While the variables used in the time-indexed model make the optimization take longer, they do remove an inherent limitation of the disjunctive system. The disjunctive model only allows a patient to train on a robot once within a session. While this works for the constraints in this paper, it would not work in a less constrained situation where there is no limit on how often a patient can train on a robot. Conversely, the time-indexed model could be easily modified to remove this constraint.

Different skill curves

When the skill curves were not equal, both disjunctive and time-indexed schedules significantly outperformed both baseline schedules. This was expected since optimization should be more effective than a naïve schedule. However, the difference in total skill gain between disjunctive and time-indexed schedules was now statistically significant, with the disjunctive schedule overall resulting in higher total skill gain. Additionally, the time-indexed system was worse than the “switch halfway” schedule in two scenarios while the disjunctive system always resulted in higher total skill gain than the “switch halfway” schedule. While disjunctive and time-indexed systems should converge to the same schedule given infinite iterations, the disjunctive system thus appears to be preferable given finite optimization durations that are likely to be seen in realistic robot gyms.

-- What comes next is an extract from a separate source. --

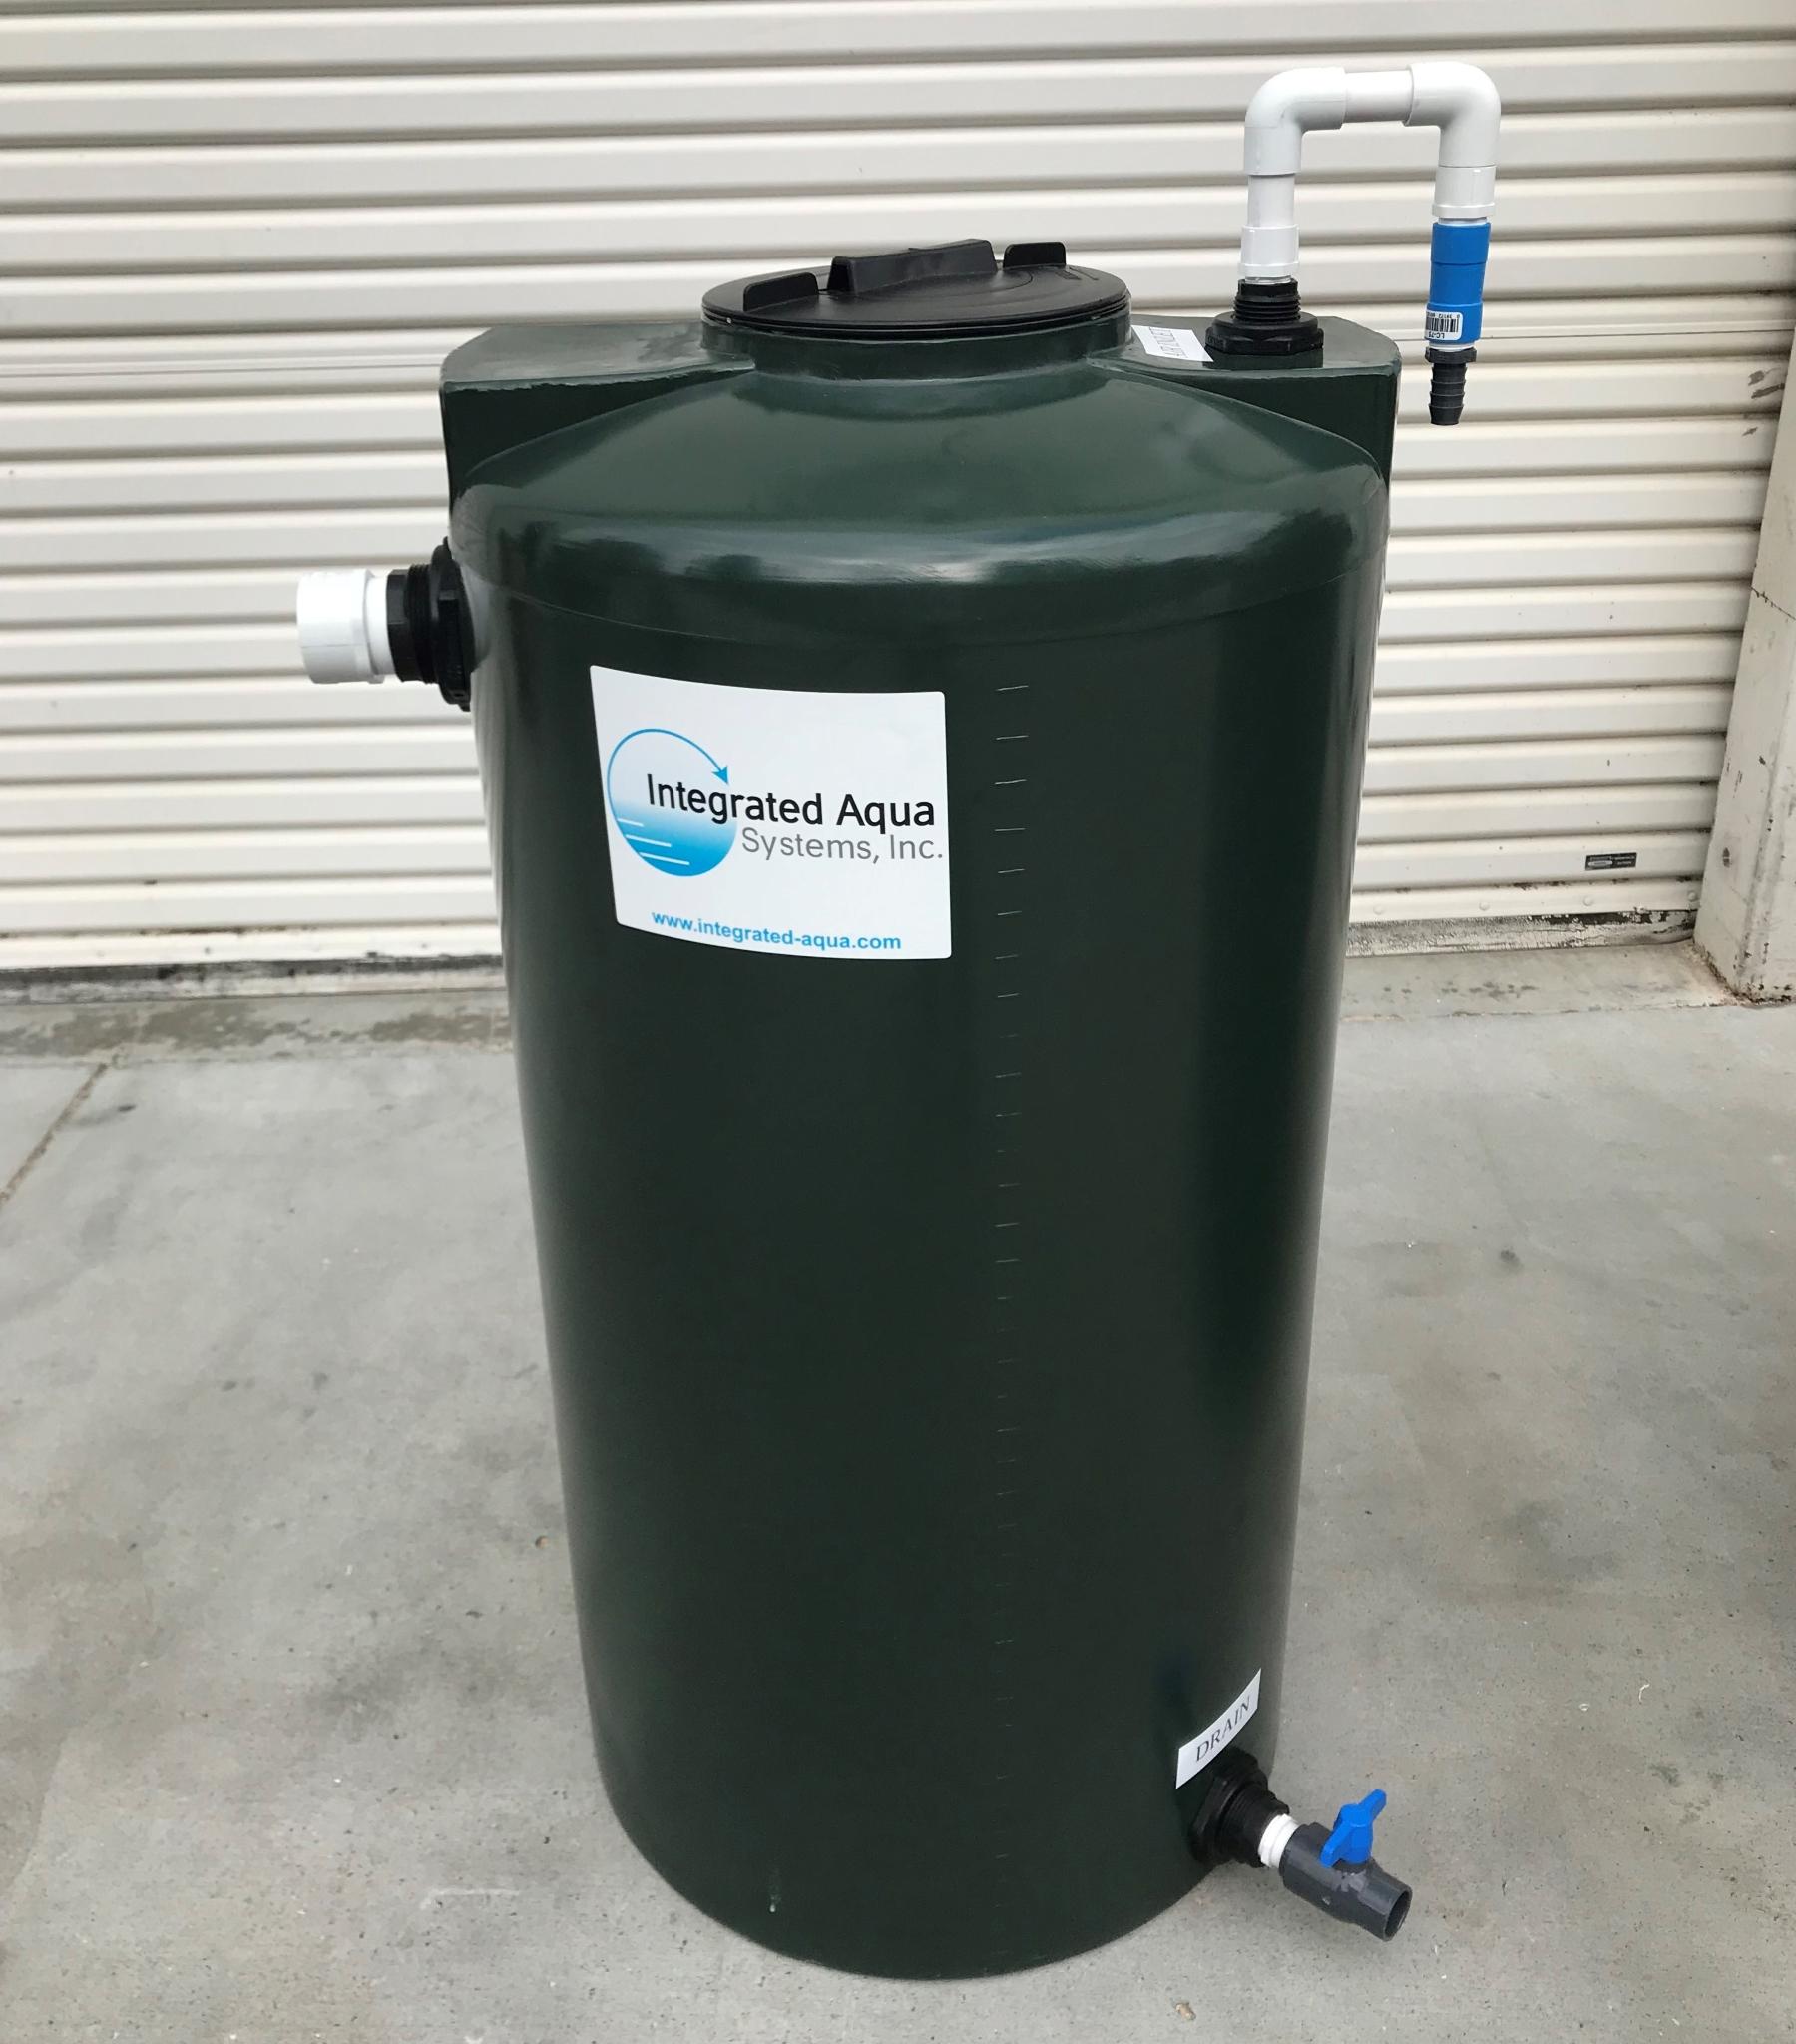 Integrated Aqua Systems BioElement Biofilter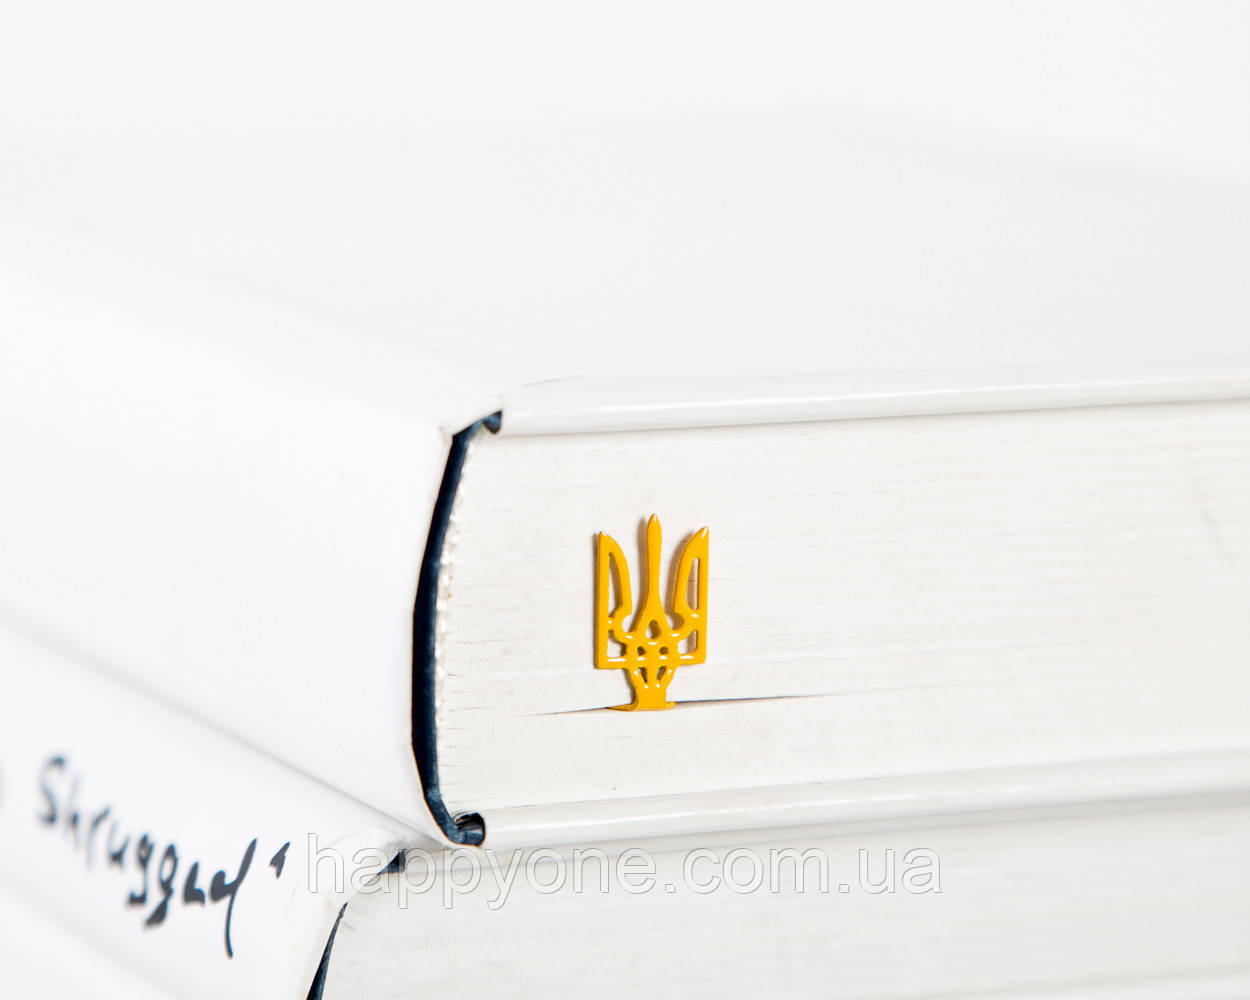 Закладка для книг Трезубец

As Fig. 1 shows, the baseline schedules outperform disjunctive and time-indexed schedules in initial time steps, but the opposite becomes true in later time steps. This is due to diminishing returns in individual skill curves: as patients’ skill gain on a robot decreases with time spent on that robot, assigning a patient to a single robot (as in the baseline schedules) has high initial skill gains. Conversely, the optimized schedules can plan over the long term, sacrificing high initial gains for a higher total gain.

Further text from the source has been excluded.